Where previous techniques have attempted to reconstruct images using only those first, unscattered photons, the MIT researchers’ technique uses the entire optical signal. Hence its name: all-photons imaging.
The data captured by the camera can be thought of as a movie — a two-dimensional image that changes over time. To get a sense of how all-photons imaging works, suppose that light arrives at the camera from only one point in the visual field. The first photons to reach the camera pass through the scattering medium unimpeded: They show up as just a single illuminated pixel in the first frame of the movie.
The next photons to arrive have undergone slightly more scattering, so in the second frame of the video, they show up as a small circle centered on the single pixel from the first frame. With each successive frame, the circle expands in diameter, until the final frame just shows a general, hazy light.
The problem, of course, is that in practice the camera is registering light from many points in the visual field, whose expanding circles overlap. The job of the researchers’ algorithm is to sort out which photons illuminating which pixels of the image originated where.
The first step is to determine how the overall intensity of the image changes in time. This provides an estimate of how much scattering the light has undergone: If the intensity spikes quickly and tails off quickly, the light hasn’t been scattered much. If the intensity increases slowly and tails off slowly, it has.

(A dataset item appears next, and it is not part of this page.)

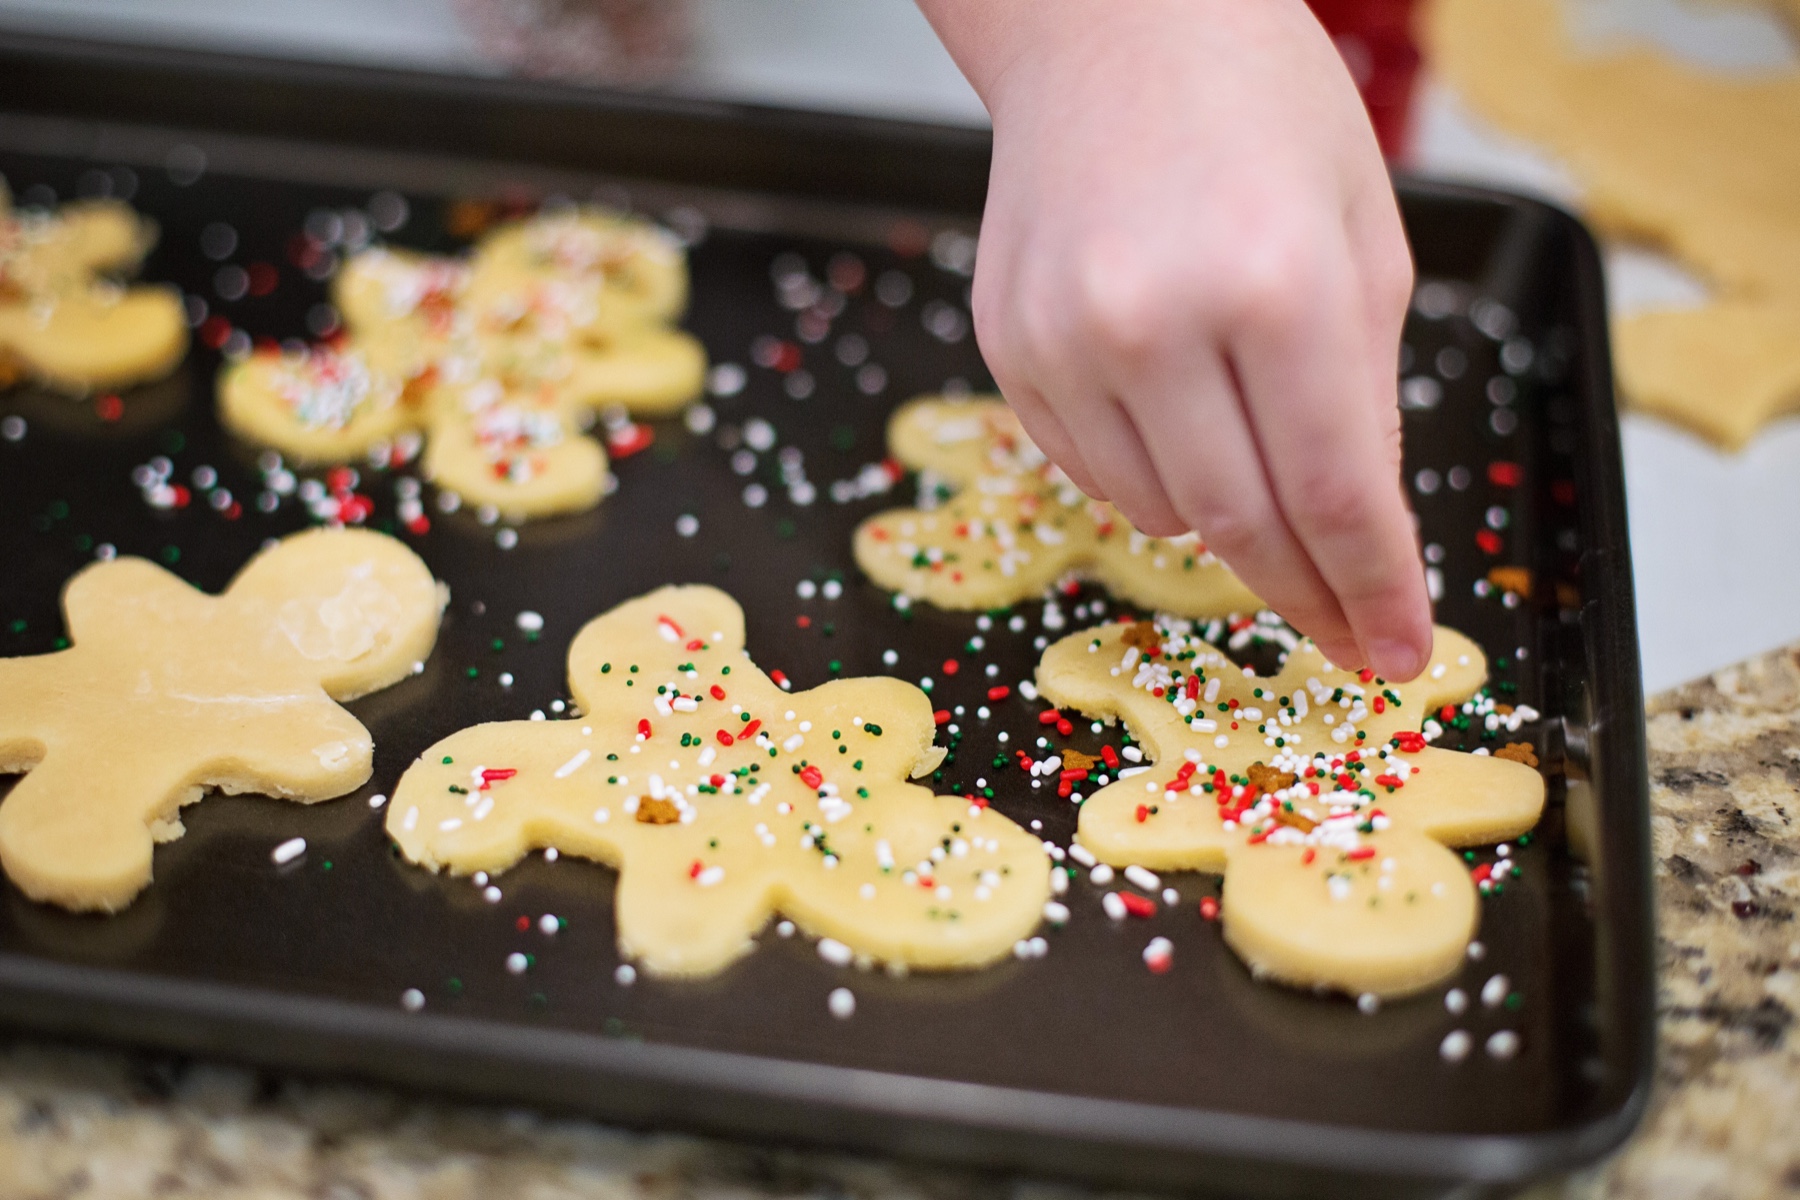 baking-christmas-cookies-12190-c06be3.jpg

On the basis of that estimate, the algorithm considers each pixel of each successive frame and calculates the probability that it corresponds to any given point in the visual field. Then it goes back to the first frame of video and, using the probabilistic model it has just constructed, predicts what the next frame of video will look like. With each successive frame, it compares its prediction to the actual camera measurement and adjusts its model accordingly. Finally, using the final version of the model, it deduces the pattern of light most likely to have produced the sequence of measurements the camera made.
One limitation of the current version of the system is that the light emitter and the camera are on opposite sides of the scattering medium. That limits its applicability for medical imaging, although Satat believes that it should be possible to use fluorescent particles known as fluorophores, which can be injected into the bloodstream and are already used in medical imaging, as a light source. And fog scatters light much less than human tissue does, so reflected light from laser pulses fired into the environment could be good enough for automotive sensing.
“People have been using what is known as time gating, the idea that photons not only have intensity but also time-of-arrival information and that if you gate for a particular time of arrival you get photons with certain specific path lengths and therefore [come] from a certain specific depth in the object,” says Ashok Veeraraghavan, an assistant professor of electrical and computer engineering at Rice University. “This paper is taking that concept one level further and saying that even the photons that arrive at slightly different times contribute some spatial information.”
“Looking through scattering media is a problem that’s of large consequence,” he adds. But he cautions that the new paper does not entirely solve it. “There’s maybe one barrier that’s been crossed, but there are maybe three more barriers that need to be crossed before this becomes practical,” he says.